■ **Problem**:
Your output is to hold only the lines from the one showing "Protect appliances" through the end of the listing, exactly, with every picture excluded.

■ **Information supplied**:
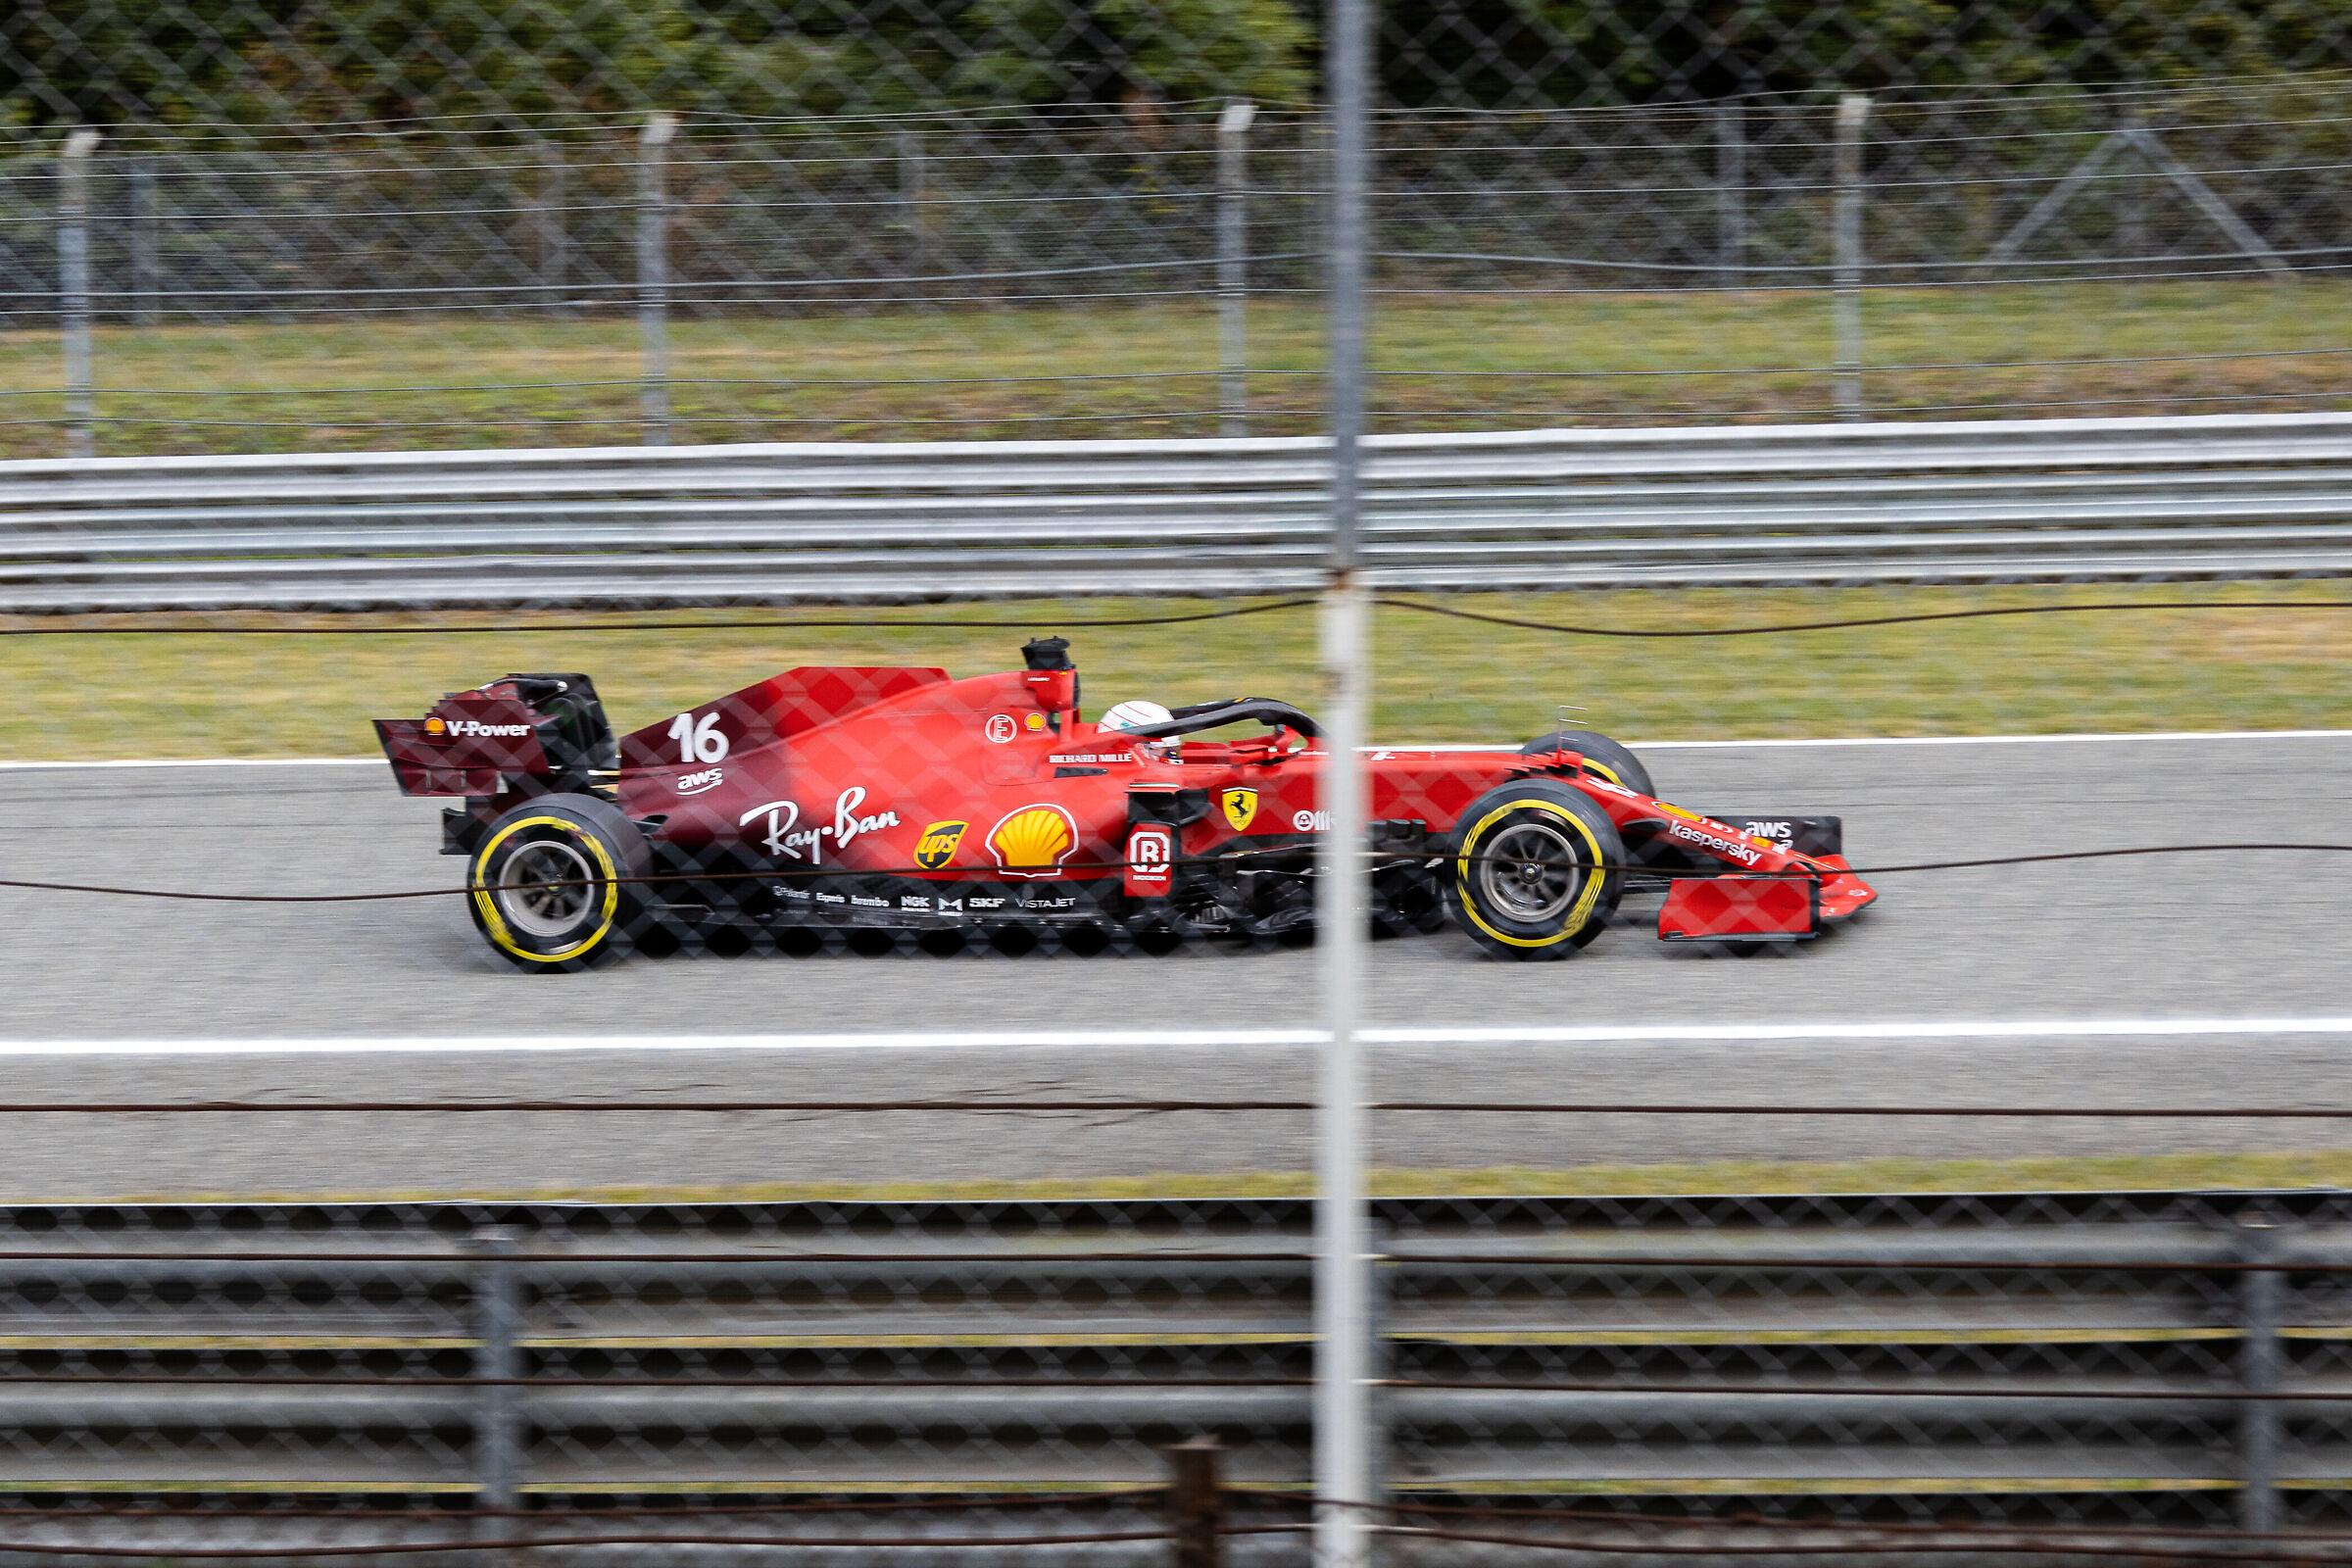 Charles Leclerc - Monza 2021...
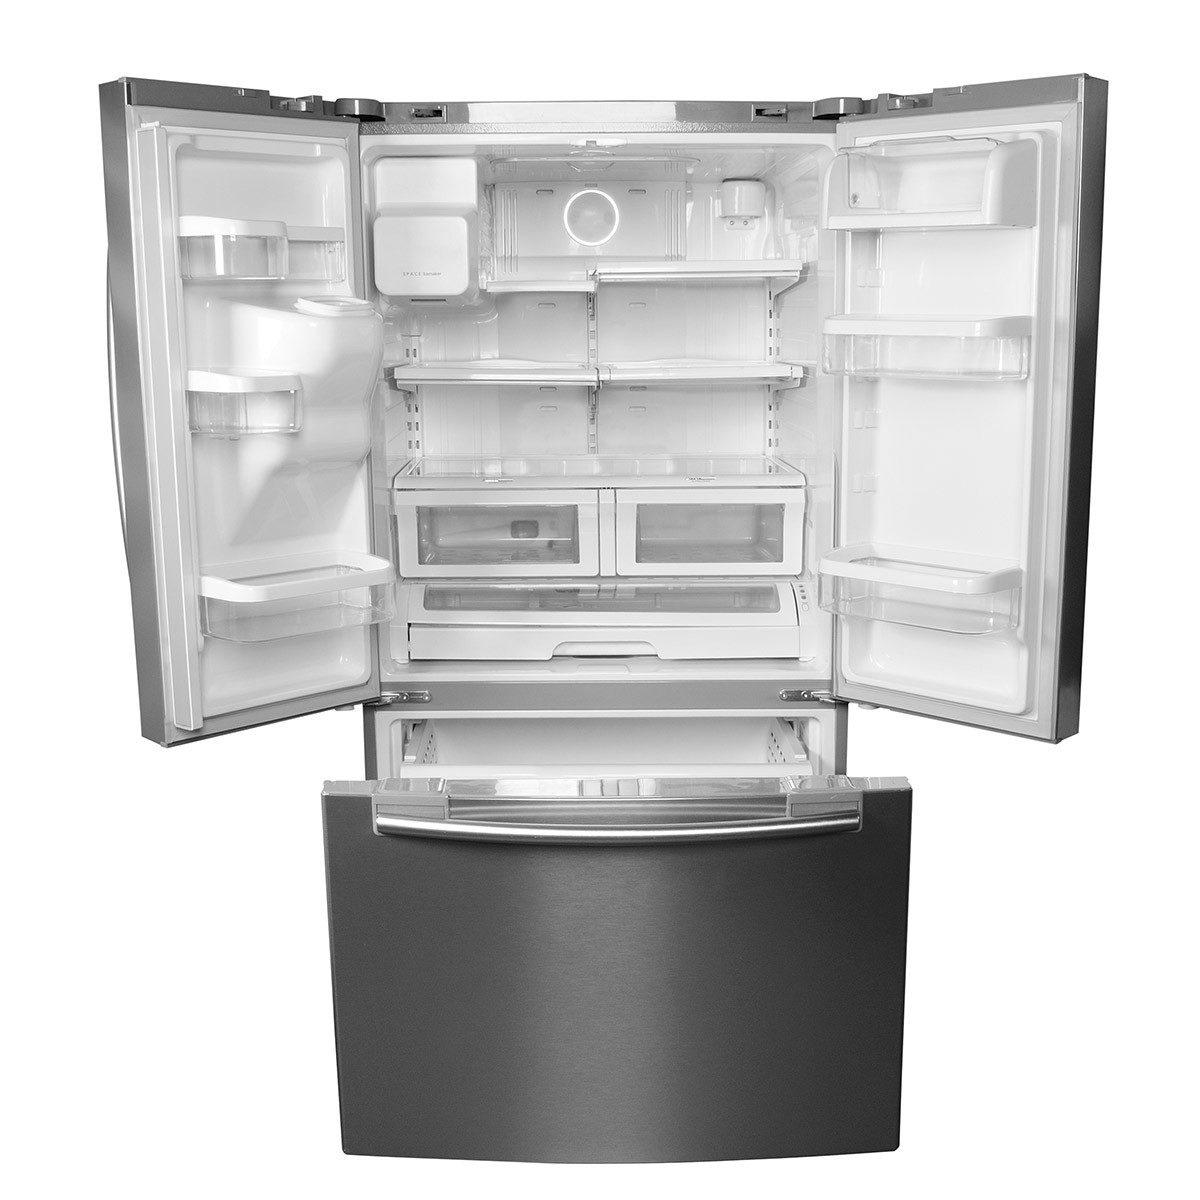 Protect appliances
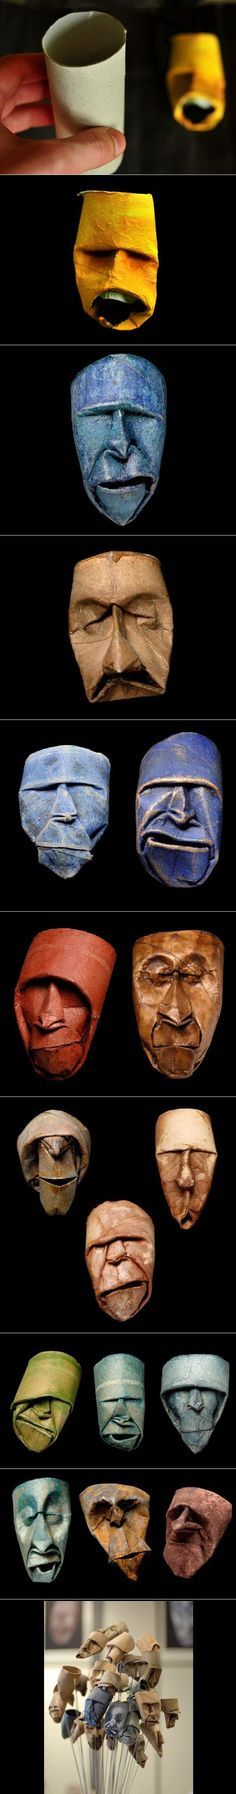 Geniale Masken aus Klopapierrollen - Win Bild | Webfail - Fail Bilder und Fail Videos
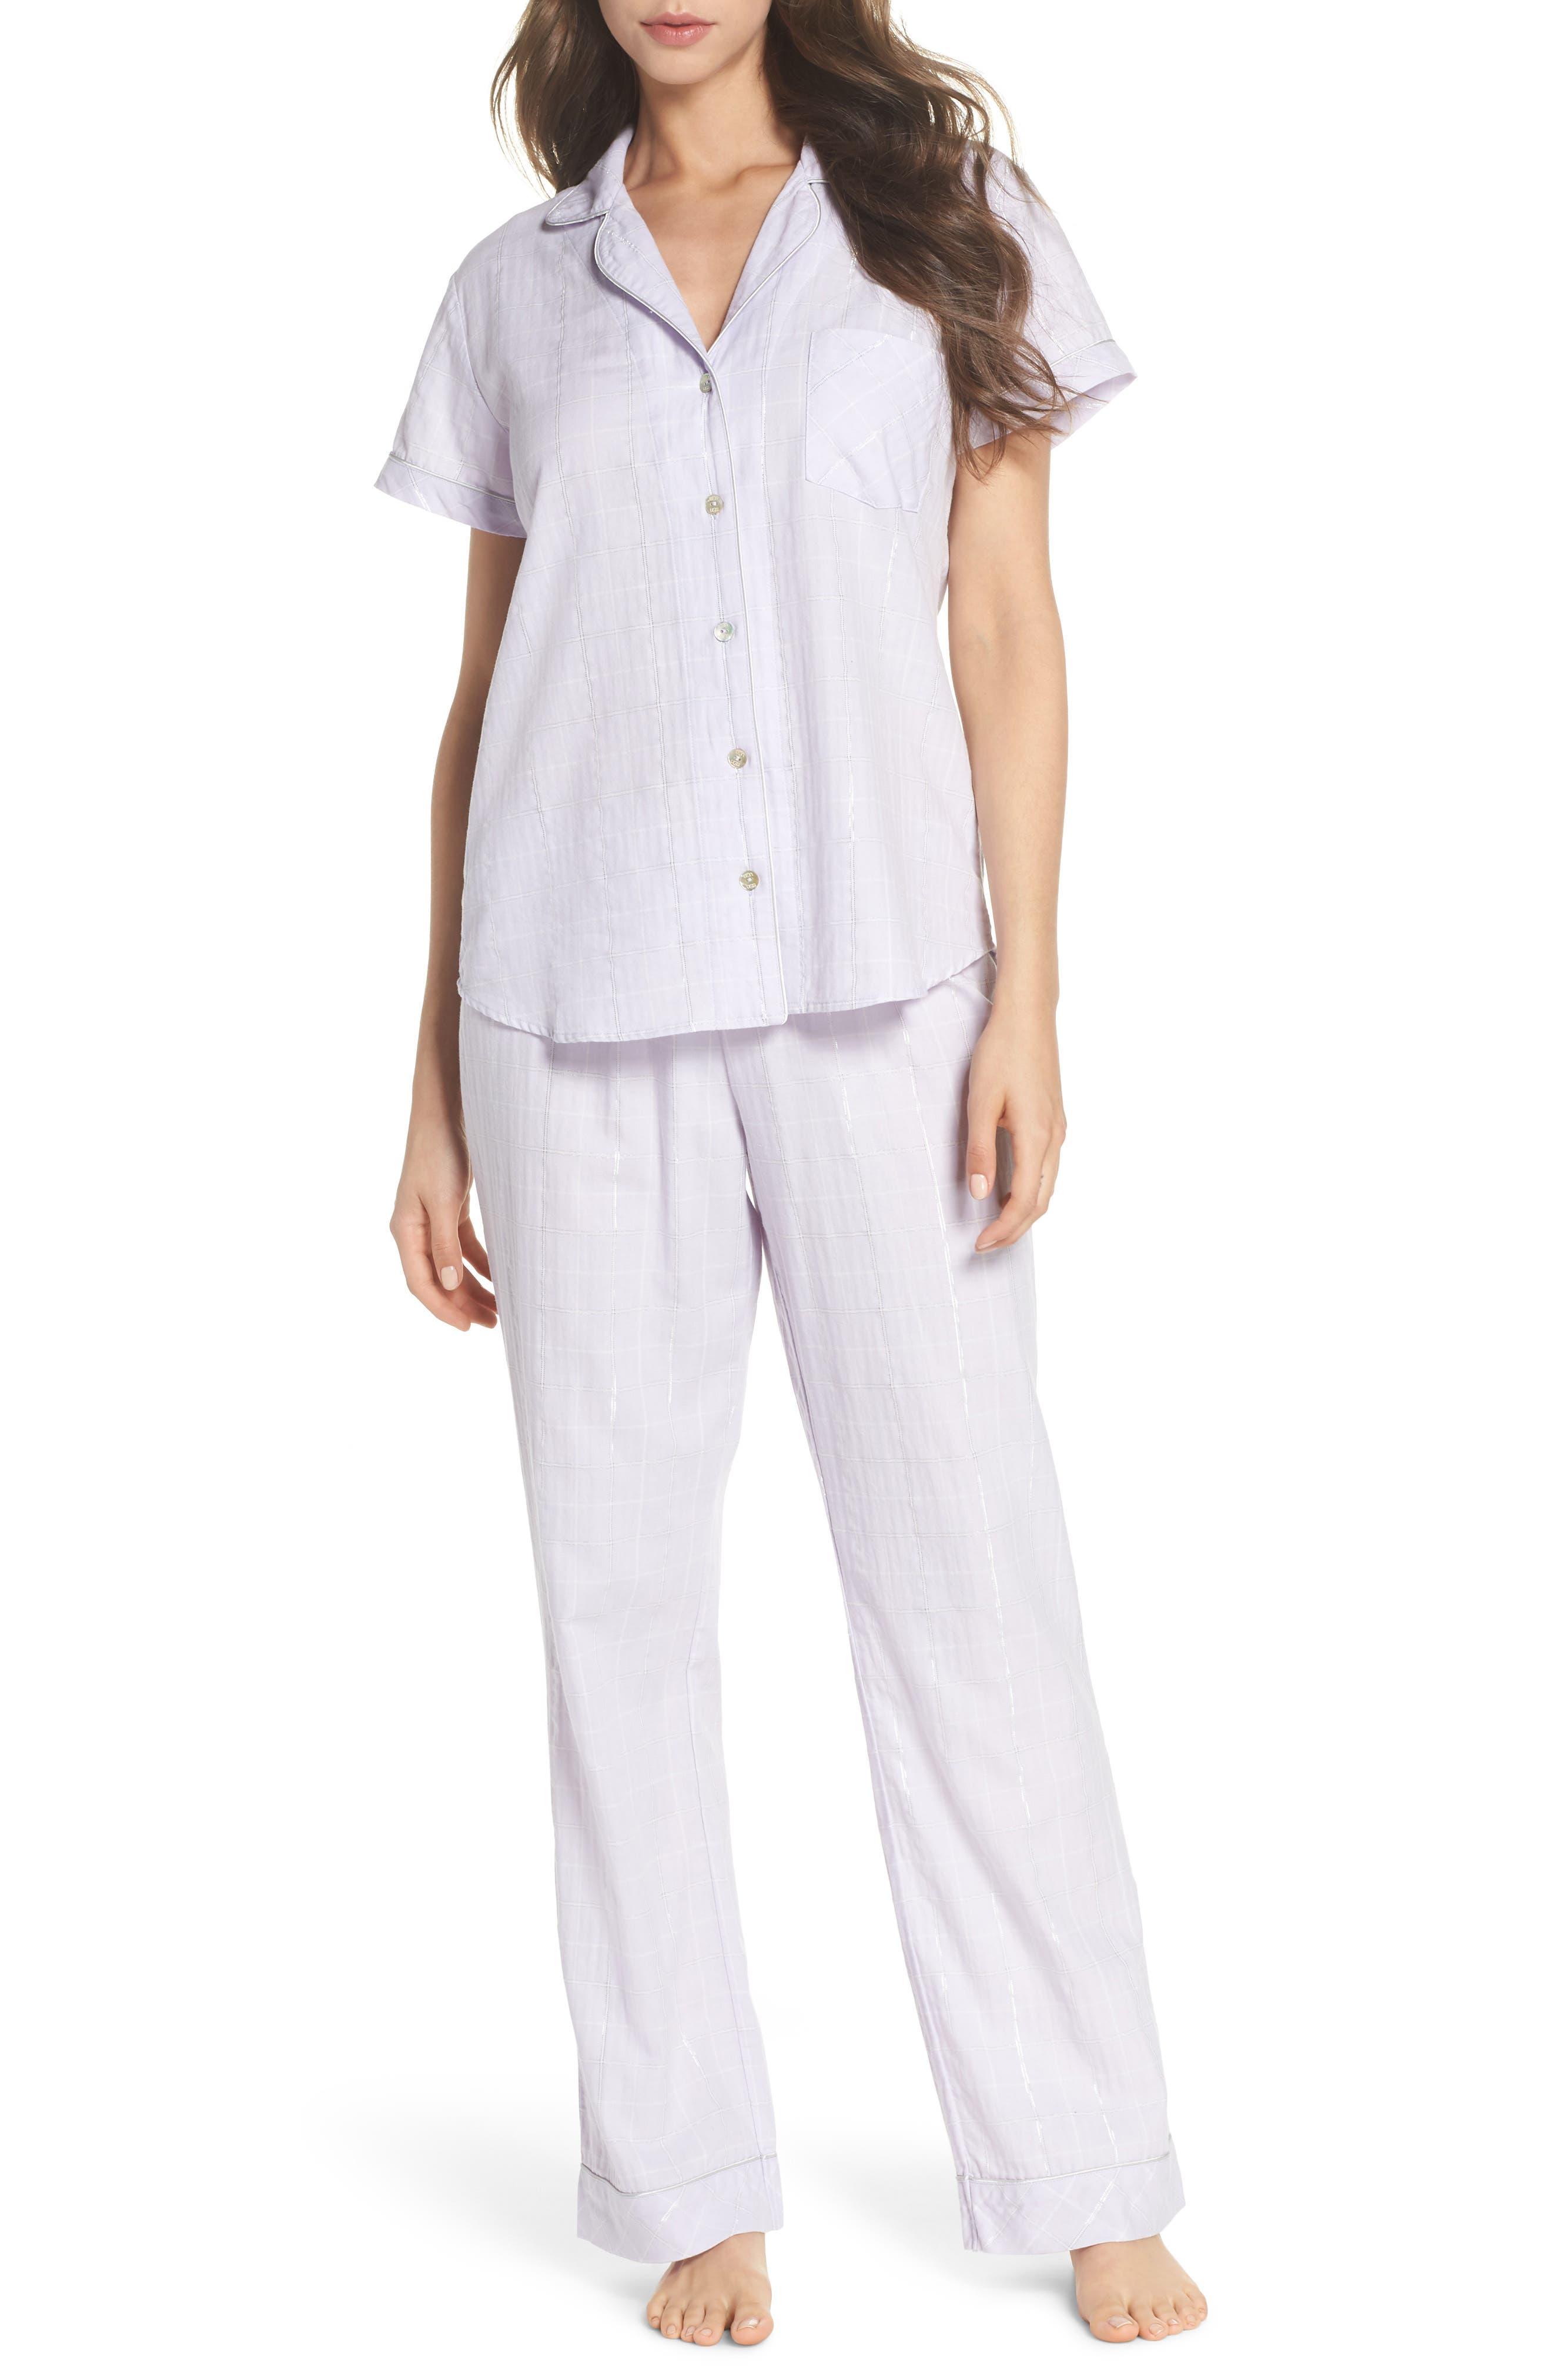 Rosan Sparkle Pajamas,                         Main,                         color, 538

■ **Response**:
 Protect appliances
 Geniale Masken aus Klopapierrollen - Win Bild | Webfail - Fail Bilder und Fail Videos
 Rosan Sparkle Pajamas,                         Main,                         color, 538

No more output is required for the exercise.